Politics and the American Language

By Christopher B. Daly 

The following op-ed essay appeared the other day under the byline of Louisiana Gov. Bobby Jindal. I believe he is wrong on the facts and the politics. But that’s beside the point of this blog. I was struck by his rhetoric, highlighted in red below.

 BATON ROUGE, La. — THE debate over religious liberty in America presents conservatives and business leaders with a crucial choice.

In Indiana and Arkansas, large corporations recently joined left-wing activists to bully elected officials into backing away from strong protections for religious liberty. It was disappointing to see conservative leaders so hastily retreat on legislation that would simply allow for an individual or business to claim a right to free exercise of religion in a court of law.

Our country was founded on the principle of religious liberty, enshrined in the Bill of Rights. Why shouldn’t an individual or business have the right to cite, in a court proceeding, religious liberty as a reason for not participating in a same-sex marriage ceremony that violates a sincerely held religious belief?

That is what Indiana and Arkansas sought to do. That political leaders in both states quickly cowered amid the shrieks of big business and the radical left should alarm us all.

As the fight for religious liberty moves to Louisiana, I have a clear message for any corporation that contemplates bullying our state: Save your breath.

Gov. Bobby Jindal, front, with his family during a prayer at the opening session of the Louisiana State Legislature in April. CreditPool photo by Gerald Herbert

In 2010, Louisiana adopted a Religious Freedom Restoration Act, which prohibits government from unduly burdening a person’s exercise of religion. However, given the changing positions of politicians, judges and the public in favor of same-sex marriage, along with the potential for discrimination against Christian individuals and businesses that comes with these shifts, I plan in this legislative session to fight for passage of the Marriage and Conscience Act.

The legislation would prohibit the state from denying a person, company or nonprofit group a license, accreditation, employment or contract — or taking other “adverse action” — based on the person or entity’s religious views on the institution of marriage.

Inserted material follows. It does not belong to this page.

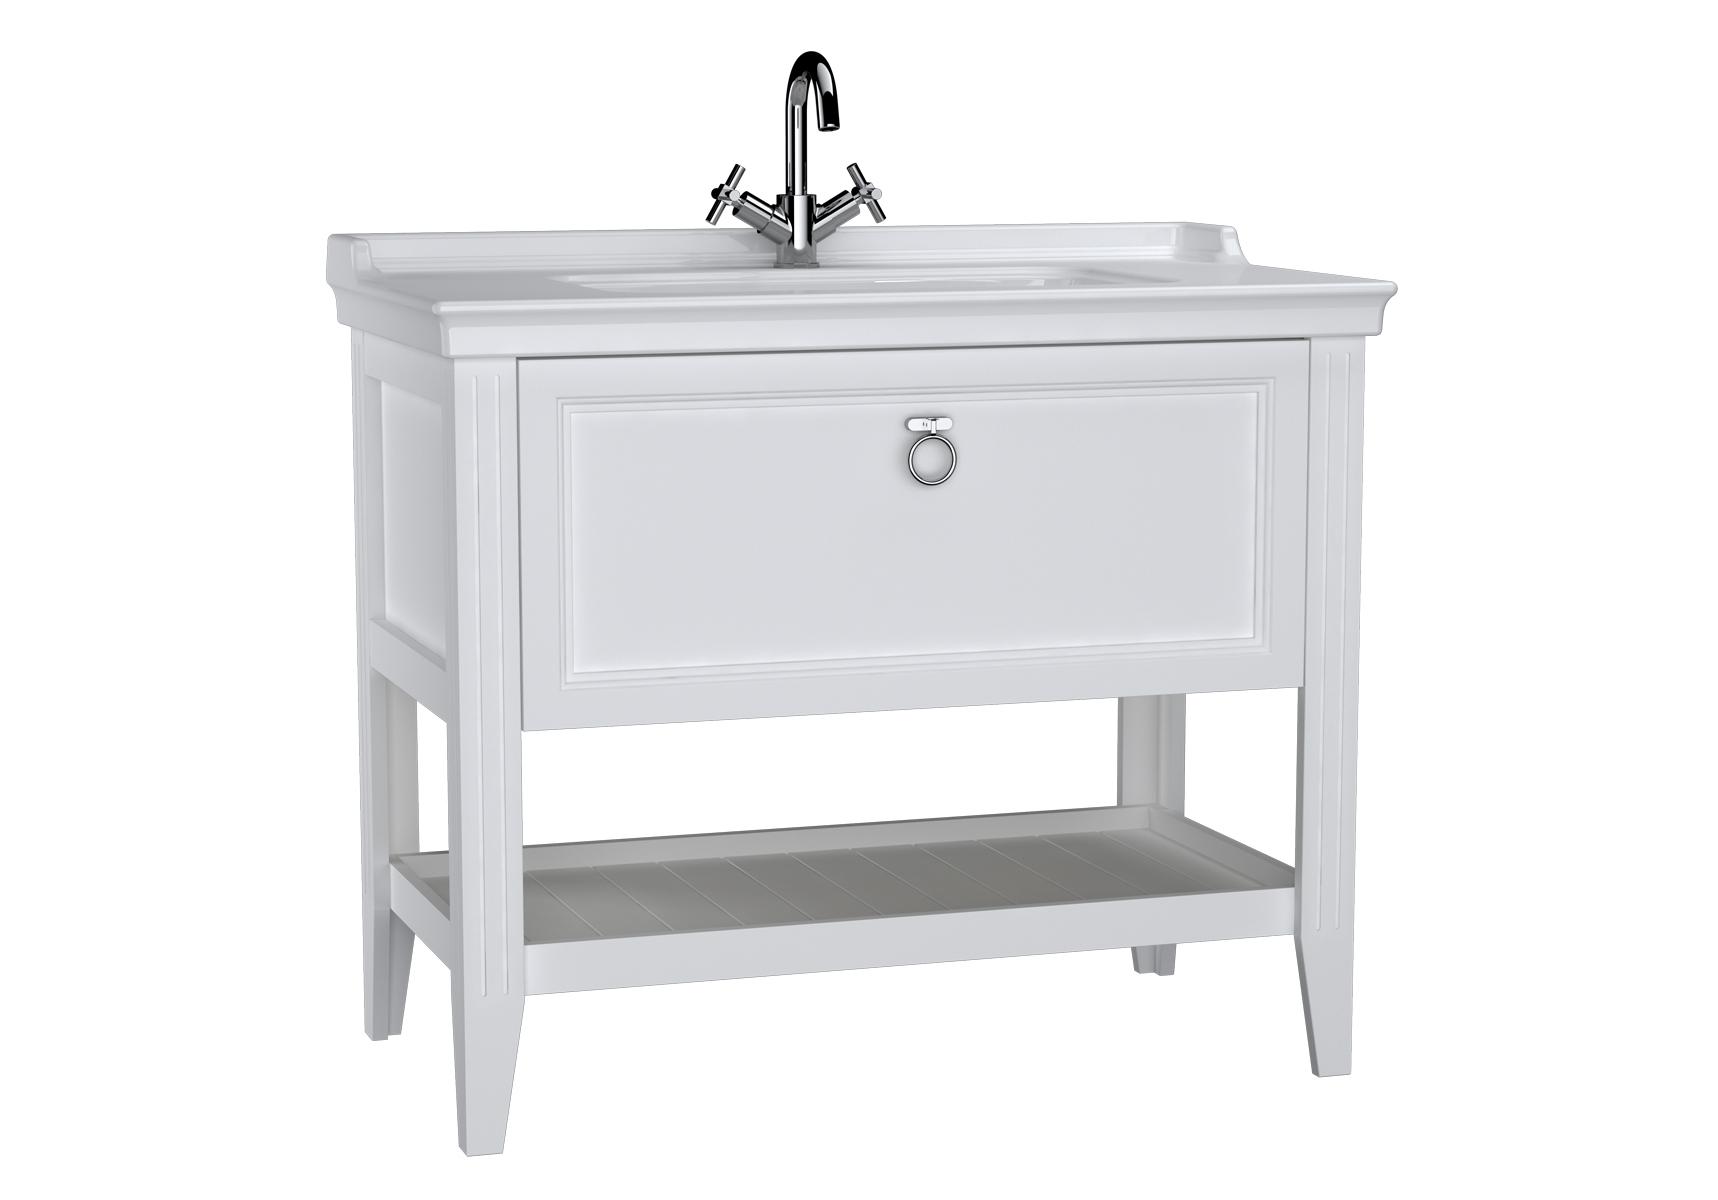 Valarte meuble avec plan céramique, 100 cm, avec tiror, blanc mat

Some corporations have already contacted me and asked me to oppose this law. I am certain that other companies, under pressure from radical liberals, will do the same. They are free to voice their opinions, but they will not deter me. As a nation we would not compel a priest, minister or rabbi to violate his conscience and perform a same-sex wedding ceremony. But a great many Americans who are not members of the clergy feel just as called to live their faith through their businesses. That’s why we should ensure that musicians, caterers, photographers and others should be immune from government coercion on deeply held religious convictions.

The bill does not, as opponents assert, create a right to discriminate against, or generally refuse service to, gay men or lesbians. The bill does not change anything as it relates to the law in terms of discrimination suits between private parties. It merely makes our constitutional freedom so well defined that no judge can miss it.

I hold the view that has been the consensus in our country for over two centuries: that marriage is between one man and one woman. Polls indicate that the American consensus is changing — but like many other believers, I will not change my faith-driven view on this matter, even if it becomes a minority opinion.

A pluralistic and diverse society like ours can exist only if we all tolerate people who disagree with us. That’s why religious freedom laws matter — and why it is critical for conservatives and business leaders to unite in this debate.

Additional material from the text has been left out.